Scaling the input signal

  1. Right-click on the input to the B population and select Configure.

  2. At the bottom of this panel double-click transform. This is the weight you set to 1 when constructing the termination. Change this value to 0.5 to scale the input down to half its original value.

  3. Re-run the simulation (or go to interactive plots), and see that changing this value scales the input as expected.

Combining inputs linearly

To add two values, you must create another termination on the B population and project to it as well. Before doing this, set the A to B transformation back to 1.

  1. Create a termination on the B population called input 2 with weight 1.

  2. Create a new ensemble C.

  3. Create a projection from C's X origin to input 2 by dragging.

  4. Create a new constant Function input and set its value to -0.7.

  5. Add an input termination on C and connect the Function input to the C ensemble.

  6. Add a probe to the new Function input.
  7. Run the simulation and plot the values for the three probes
  8. The X value for the B probe should indicate the result of 0.5-0.7=-0.2 (A+C=B). Note: This looks noisier than before because of the scale of the plot.

Congratulations, you can build linear brains!

You can now compute any linear transformation in a neural circuit. Exactly the same steps as above can be followed for vector representations, where the transformation weight becomes a matrix. For more on vector representation, see the motor cortex tutorial.

Nonlinear transformations

Of course, nonlinearities are essential for interesting computation. We begin with simple examples here before moving on to more interesting examples in part 3.

  1. Revert the simulation to a communication channel

  2. Right-click on the C population and select remove model. Answer Yes to delete the population.

  3. Do the same to the the second Function input and the input 2 termination on the B population (right-click just on the termination).

  4. Define the nonlinear function you want to compute

  5. For one-dimensional ensembles, we can calculate arbitrary 1-dimensional functions (e.g. f(x)=x2, f(x)=θ(x) (thresholding); f(x)=√x, etc.).

  6. To perform a non-linear operation, we need to define a new origin. Right-click on the B ensemble and select Add decoded origin. Set the name to square and dimension to 1.
  7. Click on Set Functions, select User-defined Function and press Set.
  8. For the Expression, enter x0*x0. We refer to the represented value as x0. When when have vectors the values are x0, x1, x2, etc. Press Ok, Ok, and Ok.

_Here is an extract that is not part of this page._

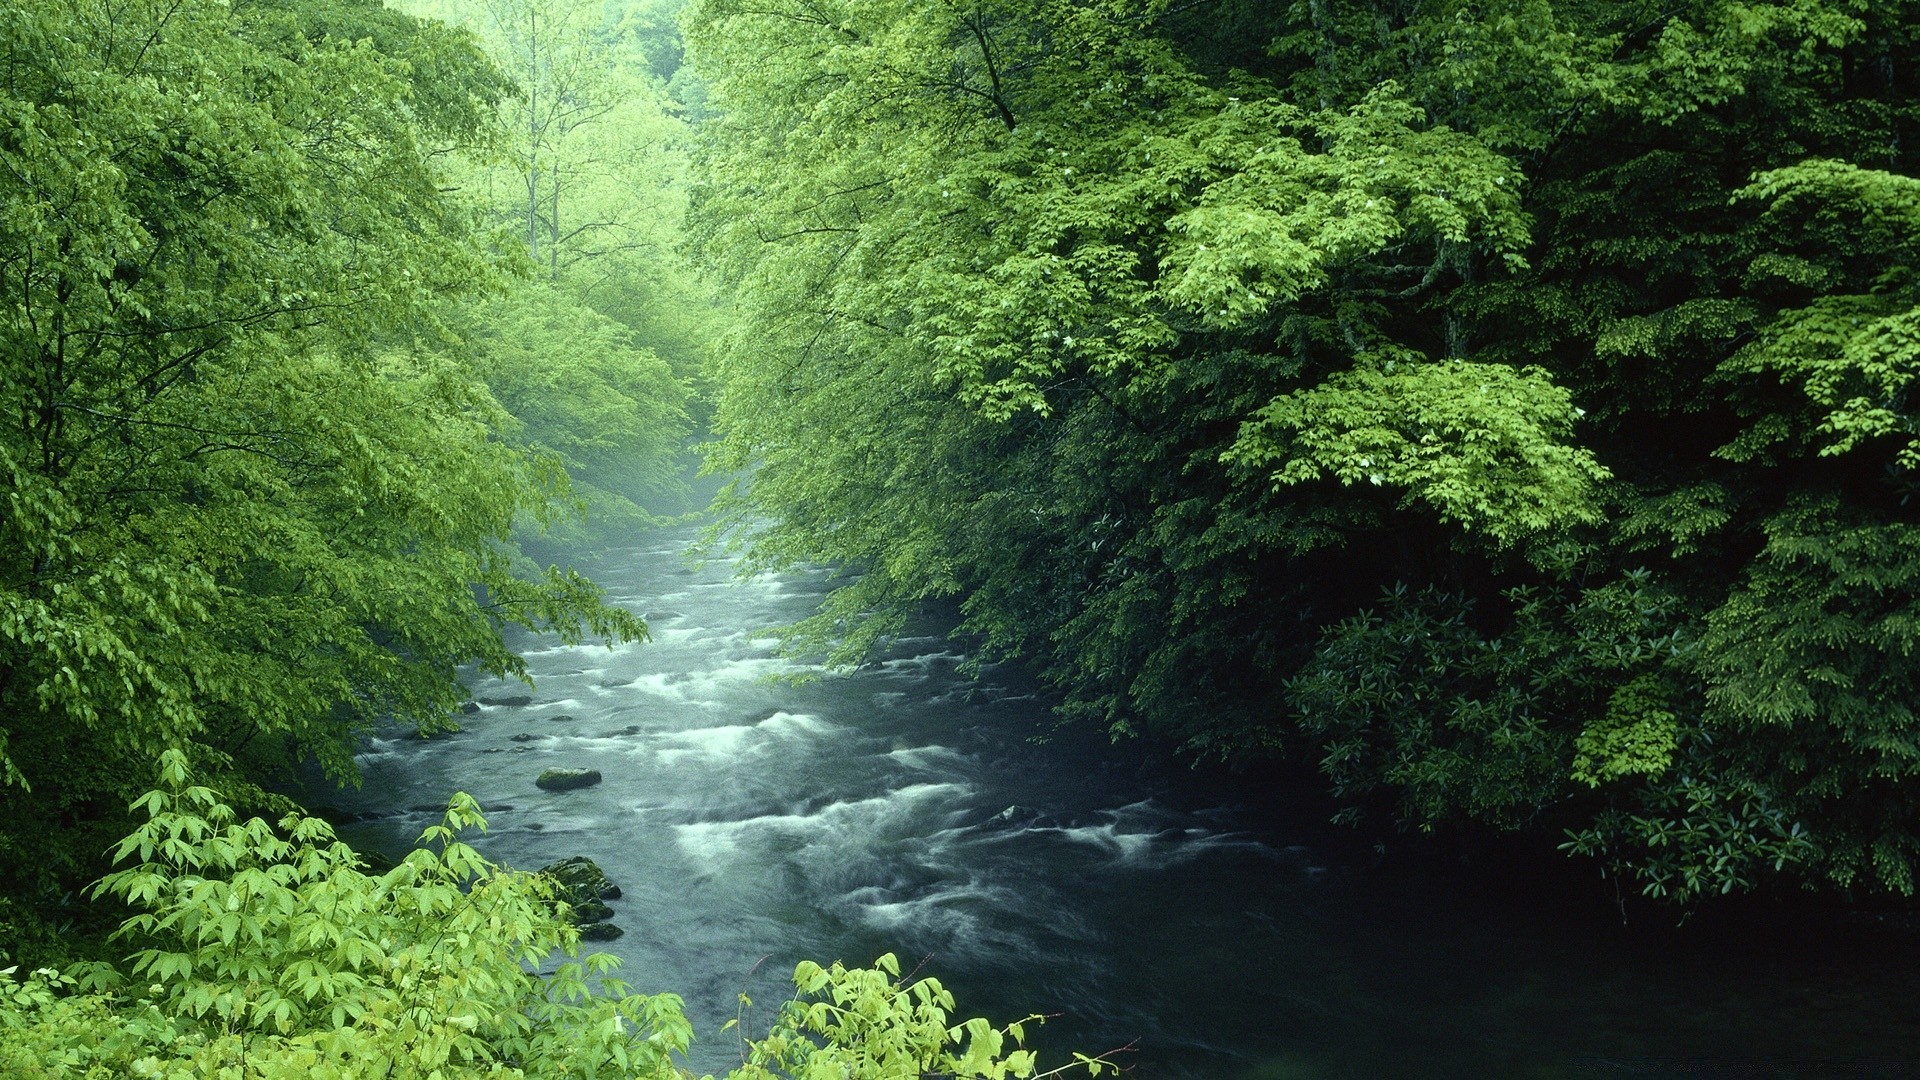 европа древесины природа воды лист дерево пейзаж пышные на открытом воздухе река среды путешествия лето дневной свет живописный парк тропический лес

  9. Collect data from the new output

  10. Add a probe for the new origin by right-clicking on the ensemble and selecting Add probe->square - Function of NEFEnsemble state

  11. Set the input function to something useful

  12. Click on the input function that is currently a constant value. You can change this in two ways, through the configure panel or the script console. Let's do the second for variety.

  13. Open the Script Console from the menu bar (under View).
  14. With the function input selected type the following in the console:

that.functions=[InterpolatedFunction([0,1],[-1,1])]

  • This creates an input that starts at -1 and grows linearly to 1

  • Run the model and view the probe data. The output of the network will approximate x2. Note that there is an initial start-up transient in the graph (shown above). You can also use the Interactive plots to manually control the input. See the interactive plots reference sheet.